From Heraclitus to the present, historians and philosophers addressed the issue of change. Is change built into the nature of society or is it a mirage that reflects a different side of sameness? It would appear that there are years in the so-called modern age that suggest a departure from the past: 1789 and The French Revolution; 1914, the Great War and the End of Innocence; 1939 and the onset of World War II. Although it is too early to argue with any certainty, 2016-2017 may be a candidate for historic proportions, since the institutions and their philosophical underpinnings which accounted for relative global stability are in disarray. The world is turning, and not necessarily on its axis. “The wheel keeps turning; the sky’s rearranging.”
Alas, the rearrangement brings into focus an uncertain future, in large part because the political and economic institutions such as the United States, the IMF, the World Bank, and the European Union have lost or are losing their legitimacy. In fact, liberal internationalism — a belief that nations can share “rules of the road” — is undergoing challenge from a newly emergent nationalism. Not only is President Trump calling for America First, but the nationalist sentiment has gained traction across the European continent and into the Asian heartland. Rules are being renegotiated or dismissed and the pattern for going forward remains unclear.

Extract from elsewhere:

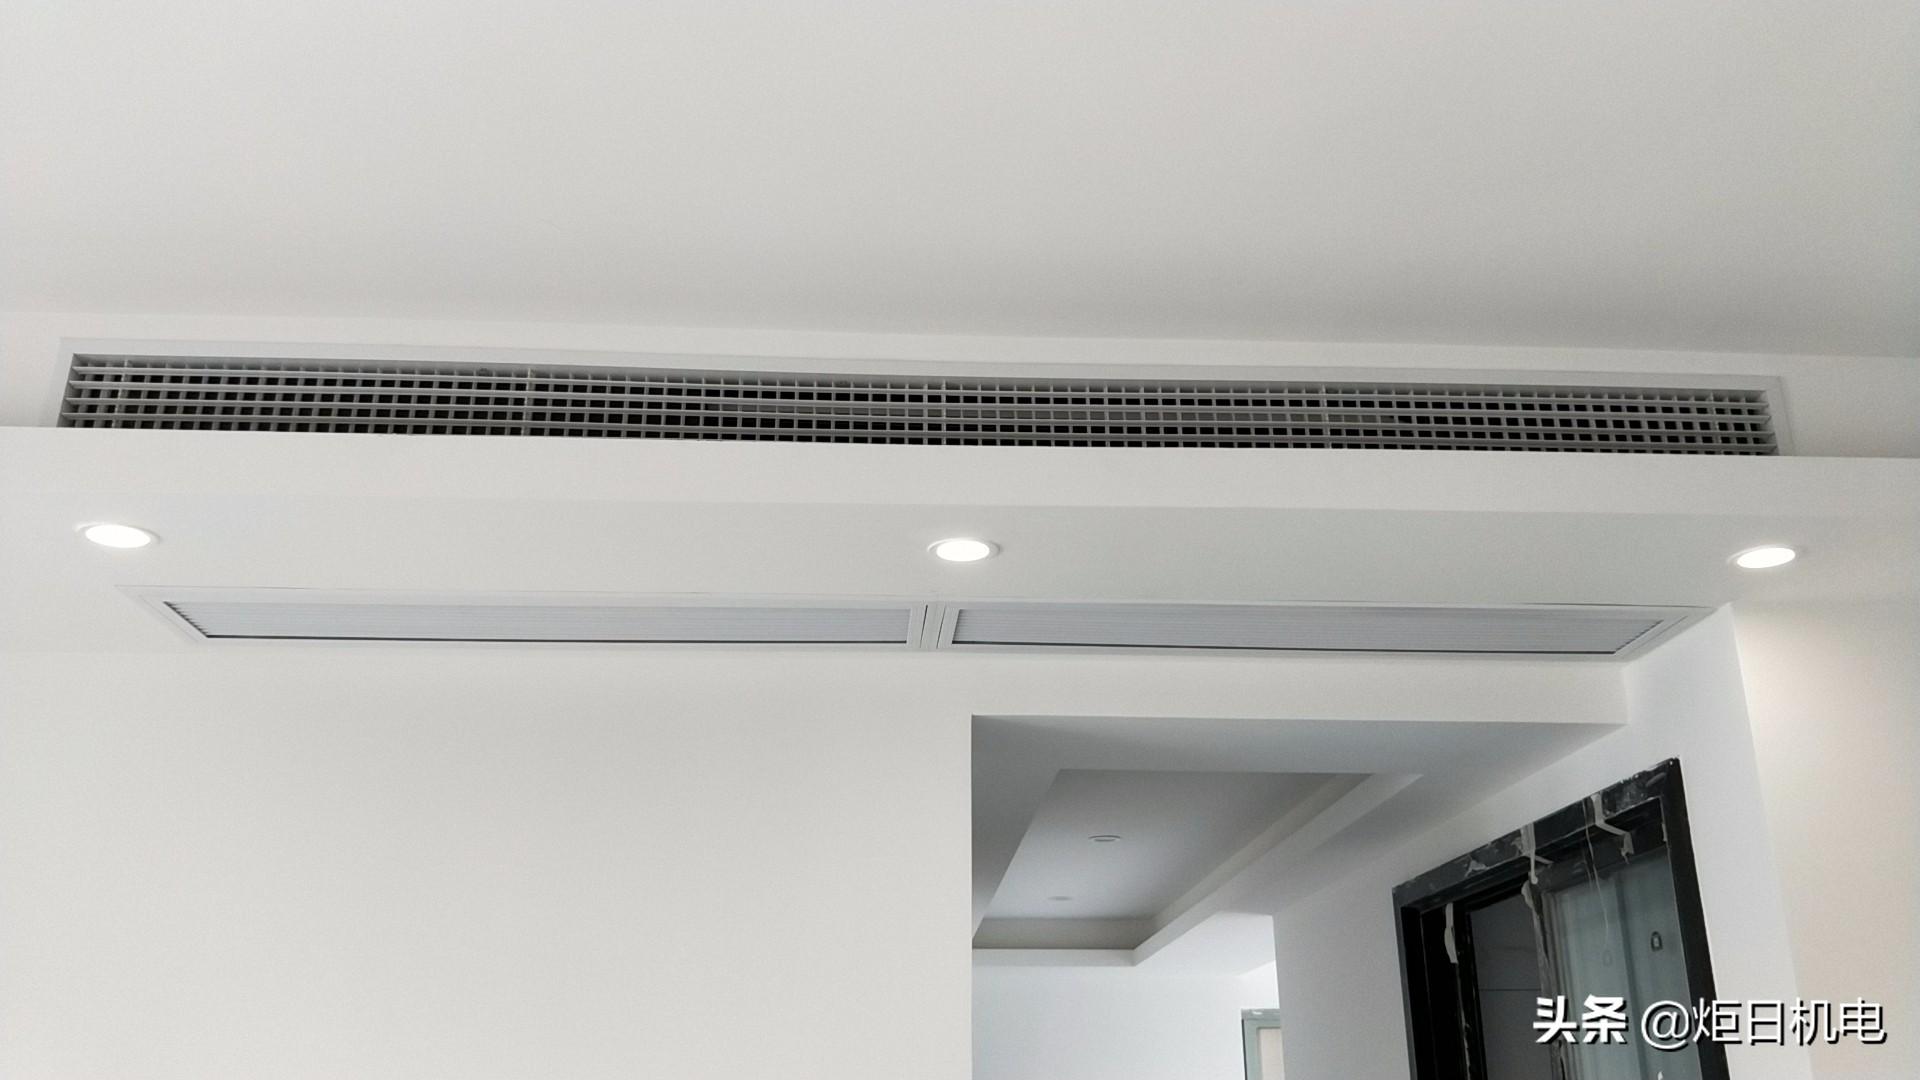 家里装中央空调好呢还是装挂式空调好?小立来告诉你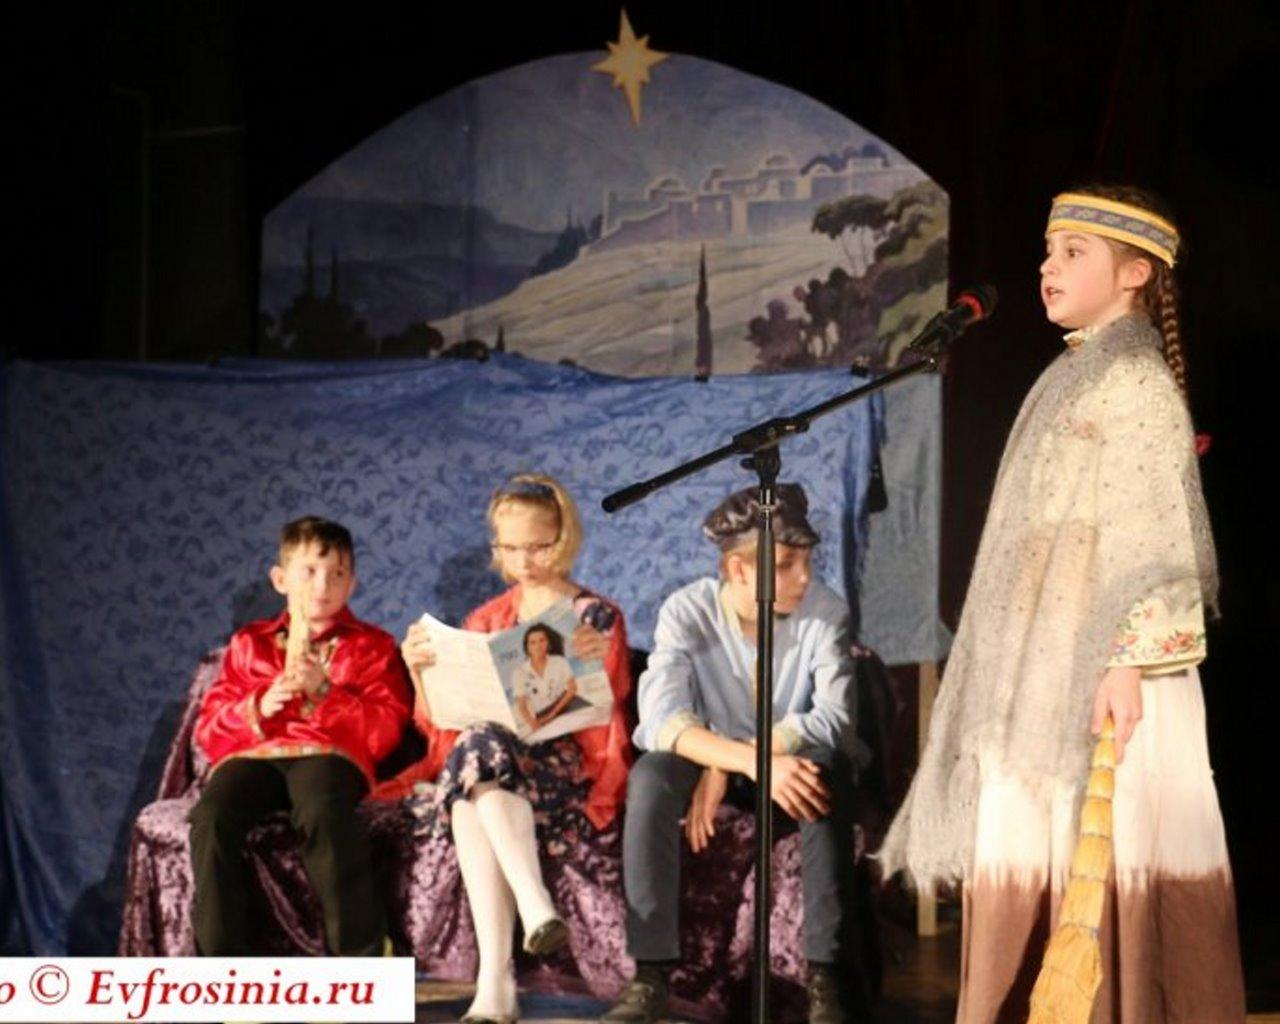 В Воскресной школе храма Преподобной Евфросинии, Великой княгини Московской, в Котловке состоялся Рождественский концерт

Accelerating this percolation is technological innovation that has produced a social media of narcissism and personal fulfillment that virtually excludes any other pursuits. Secularization across the board has elevated “me” to the position of a transcendent force. How does one manage a society that does not recognize the limits of freedom? How can order be maintained without modesty and humility?
As Jacques Elliot once announced, “technology exists because technology exists.” Presumably it is a force of its own, resistant to the controls of manners, morals, or human welfare. If in a Schumpeterian equation there is as much destruction as creation, will employment be a privilege? How do you deal with those left behind? A guaranteed income? Rewards for the idle? The puzzle parts seek a framework.
If trade deals are filtered through the prism of job creation, will tariffs be imposed to equalize comparative advantage? And if so, would these tariffs be applied internationally — what is now called import taxes? National assertiveness, with its broad political appeal, could result in a diminished world order or even global depression. Admittedly Smoot-Hawley has faded from public memory and it was not the actual cause of the Great Depression as many have conceded, but it did exacerbate a declining world economy.
Artificial intelligence is already addressing these issues without the requisite policy constraints. Most manufacturing jobs will soon be obsolescent. Even higher level positions in medicine will be rendered unnecessary. These are changes advancing incrementally. A person with cancer might consult an oncologist today, but in short order he will ask a computer bank for the best treatment based on all the empirical evidence of his disease. Of course, this example cannot be generalized to all jobs, for society will probably need some work. The question is who gets rewarded and who doesn’t and who is left out of the equation completely.
While the change in the past was largely political and economic, the change we are in is the tail wagging the cultural shifts. The loss of confidence in institutional foundations moves down a slope of cultural realignment. When President Trump denounces political correctness, he speaks to a portion of the population largely forgotten by elites and resentful at the adversarial dominance of the “chattering class.” President Trump is an unlikely voice of the disenfranchised, but there you have it. The confidence deficit fills the air as people come to question the leadership in their nations; change will be unhinged from notions of the past.